Robert loves him too. That much she knows. They both want the same thing: to keep Aaron happy, to keep him out of bother.

"No," he says with a sigh. "Not this time."

 

-

 

People notice her getting into the Porsche, being driven down the main road and into the countryside. She likes it for once, the eyes on her. 

Robert has a shit taste in music so Liv takes over the radio, Bluetoothing her phone as he glances down unsurely.

"What happened to good old CD's?" he comments. Liv glares at him. Sometimes she forgets that he's really fucking old.

 

They stop at a corner shop because Liv moans that she's hungry and Robert hasn't eaten since lunch either, so he stops his car opposite the shop window (so he can see it if someone tries to pry the door open with a coat hanger) and they cross the road and walk in, ringing the bell above the door as it opens. The shop assistant glances up, smiling falsely.

She picks a Mars off the shelf and Robert takes too long deciding on what sandwich to grab before eventually settling on ham and cheese and a bottle of Dr Pepper that smells almost as fruity as his cologne. She remembers the spray of it on the high points of her bones, on the red-raw back of her neck; she brings her wrist up to her nose. It's still there, pungent and fresh.

"Six quid for a sandwich and a drink," he says under his breath when the assistant isn't listening. "Scandalous."

Liv eyes the two-grand watch on his wrist and scoffs.

 

It's when they're walking back that it happens.

The car comes out of nowhere, literally; it appears from the abyss - or, from behind a corner - tearing out, breaching sixty. 

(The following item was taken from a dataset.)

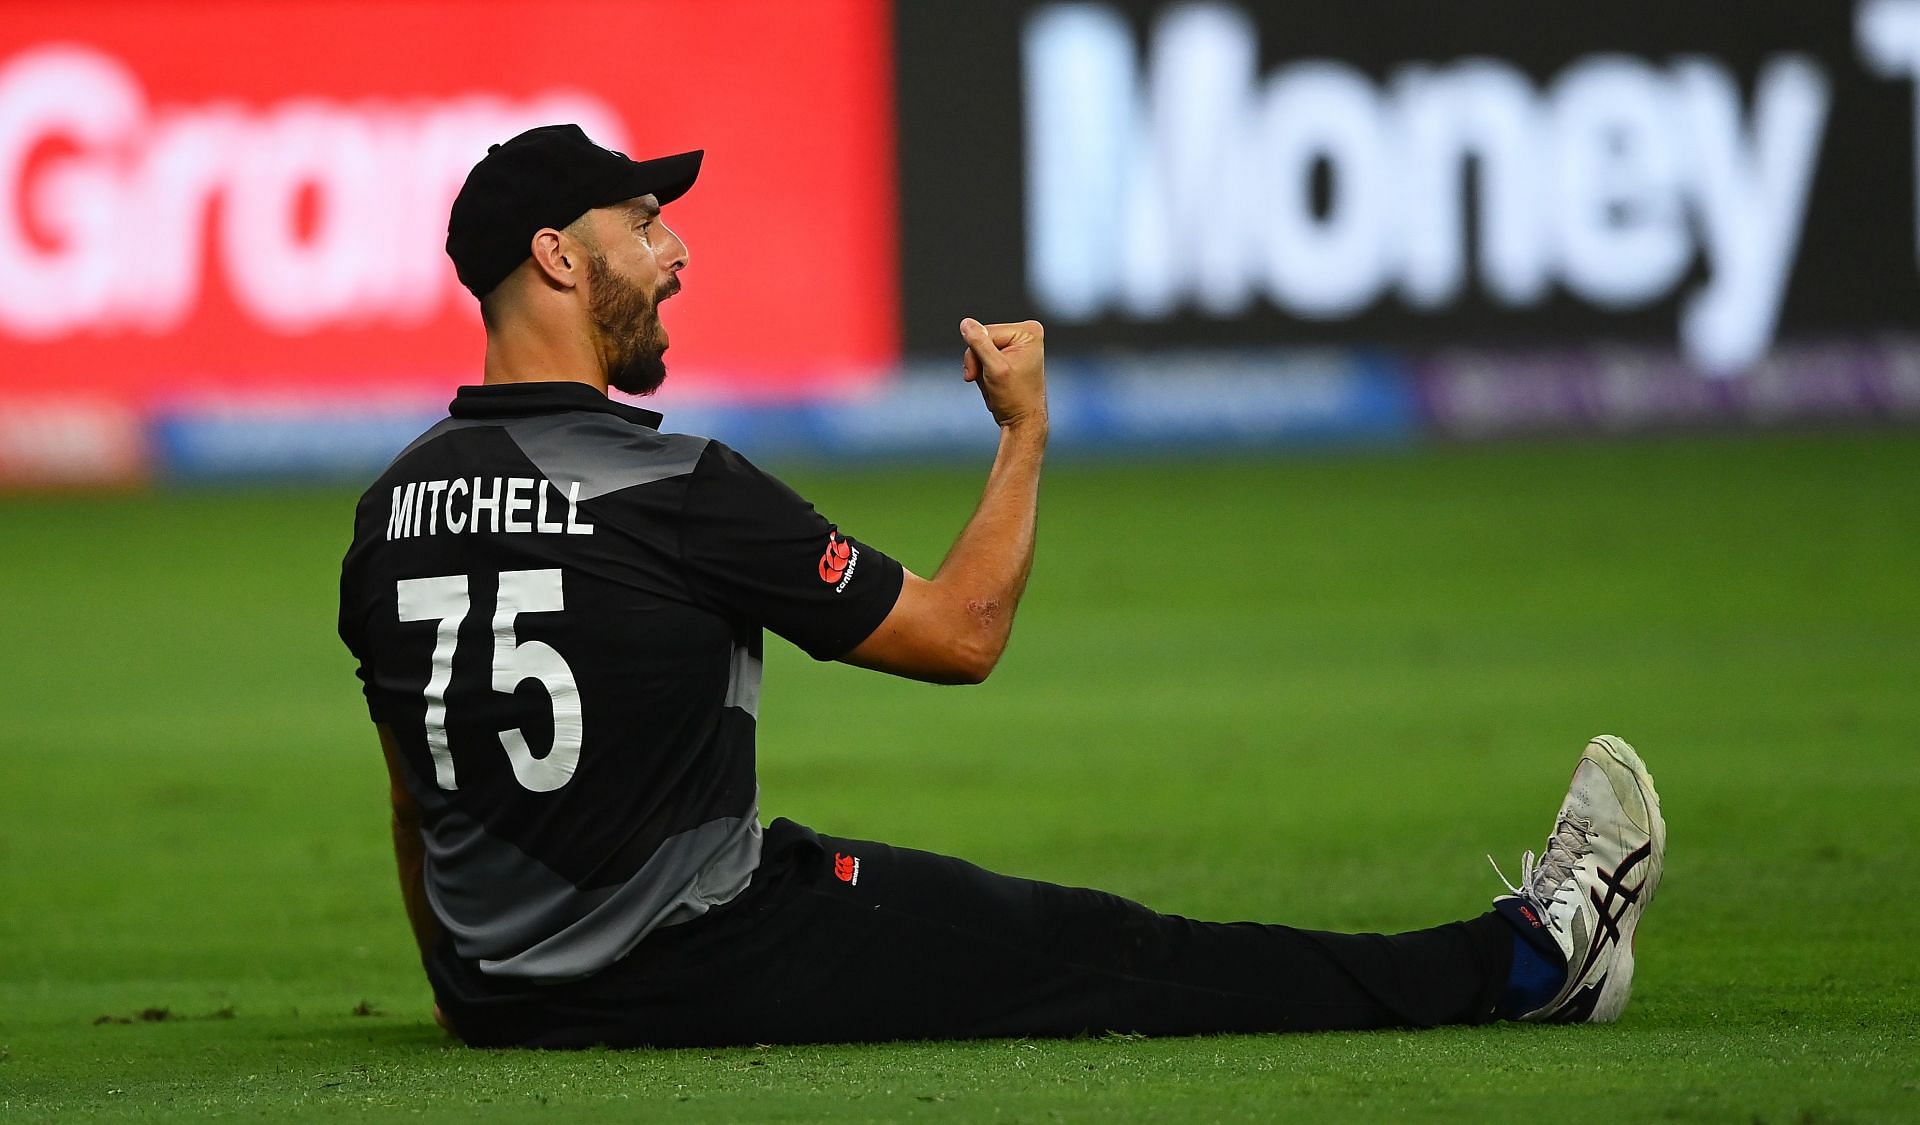 Daryl Mitchell surprised everyone with his batting performance in ICC T20 World Cup 2021

He shoves her forward. It catches his hip, rips the ground from beneath his feet. And then it ends; at quickly as it had come. It's very fast and very flashy and before Liv has a chance to breathe, Robert's sprawled out across the road, out cold against the tarmac, blood trickling from his left ear.

Liv feels herself start shaking and doesn't know how to stop.

 

-

 

The ambulance takes seven minutes and thirty-eight seconds to arrive, screaming blue. Five hundred and thirty-two heartbeats.  

She drops to her knees on the pavement, watching him. He hasn't moved; no flutter of his eyelashes or twitching, nothing to let her know that he's okay, that he's alive - that he's not about to waltz out of her life here and now, outside of a fucking off-license on Cottells Lane. 

 

"Are you family, love?" The paramedic asks, smiling down at her with urgency in his eyes.

Robert's on a stretcher, an oxygen mask strapped to his face, his hair matted with dark red _stuff_.

She swallows and nods.

"Come on then," he says, ushering her into the back of the ambulance. The doors close behind her, sounding permanent, and now she's staring at him, inches away.  _Wake up_ , she thinks. 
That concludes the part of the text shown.